Takisawa et al. (2013) supported this fact with a similar analysis. Takisawa et al. (2013) reported that wet microalgal biomass with 80% water content, when used directly (without drying) post harvesting for release of lipid/oil from the cells caused several difficulties. The drying step is an energy intensive process consuming up to 80% of the entire consumed energy (Dong et al., 2016). However, the elimination of this crucial step of drying can reduce the total energy consumption and eventually the total cost of production. Hence, it is necessary to develop new and advanced technologies which is capable of converting microalgal oil to biodiesel from wet biomass without hampering the capital cost and also achieve high conversion efficiency.
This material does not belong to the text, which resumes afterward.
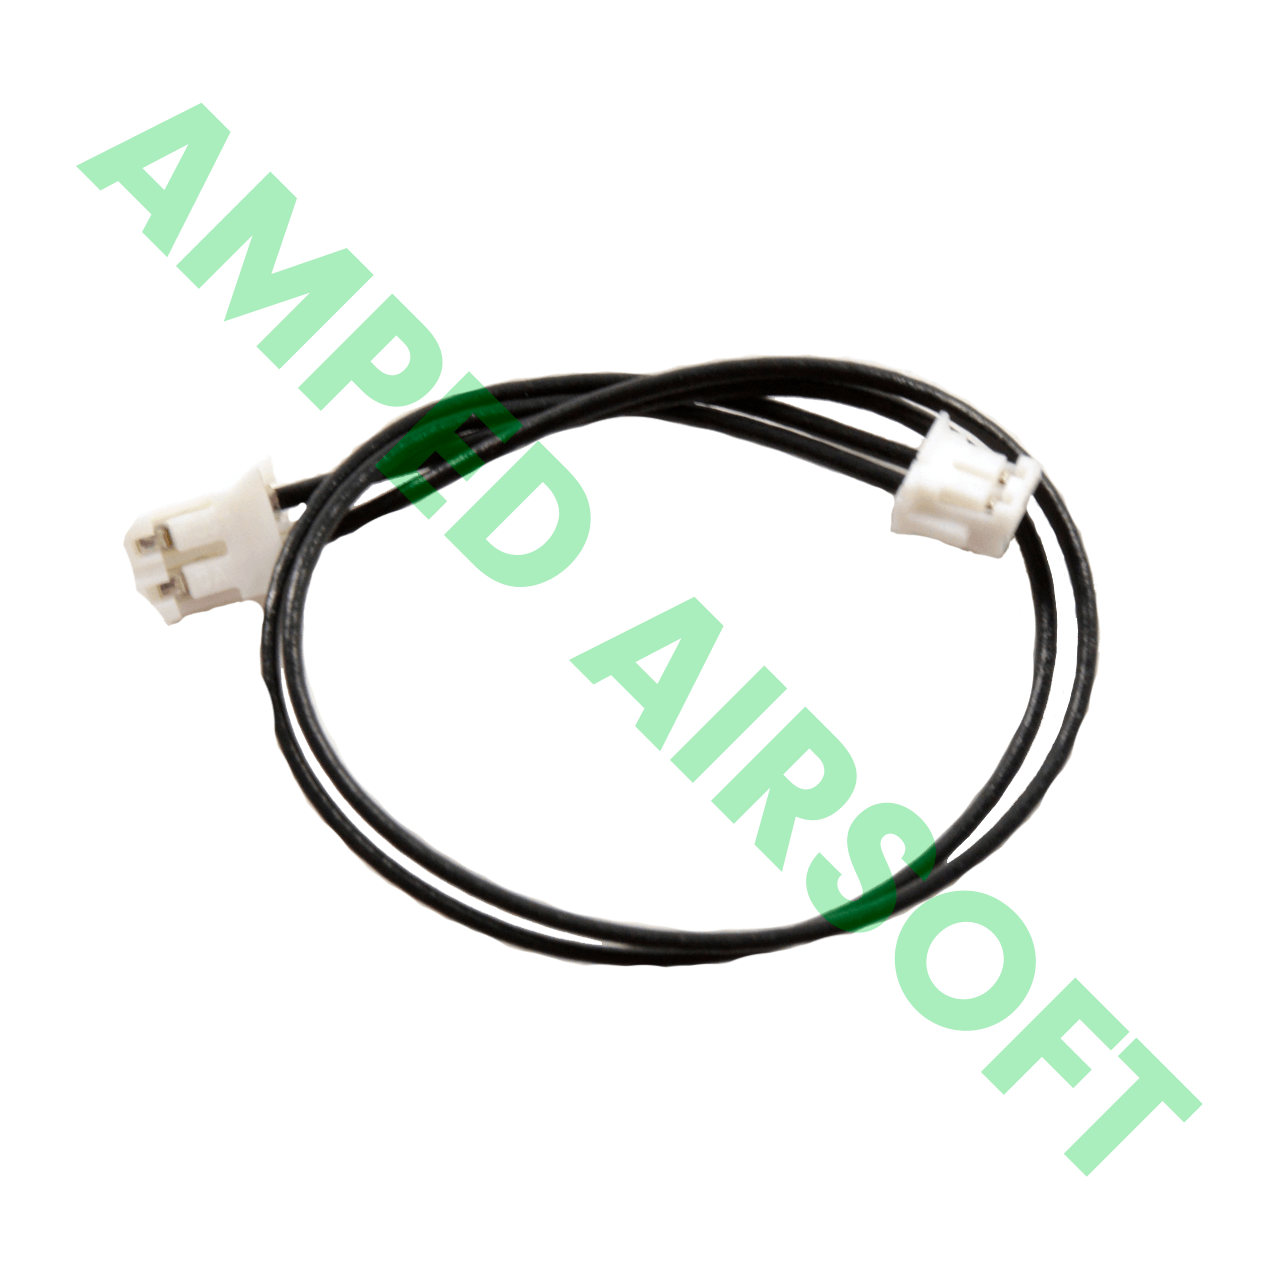 medium resolution of  ferrari 360 f1 transmission wiring harness used pn 181343 wiring on ferrari f430 spider

In summary, microalgae is a new alternate sustainable feedstock for biodiesel production with several distinct merits. However, commercial implementation of microalgal production would require significant study and optimization of the governing factors that would reduce the energy consumption and the associated capital and operating costs. Selection of proper microalgal species, optimization of growth conditions and proper extraction and conversion of lipids are the important features. Moreover, recovery of valuable byproducts from microalgal biomass is also crucially important as it forms another source of revenue for the microalgae refinery.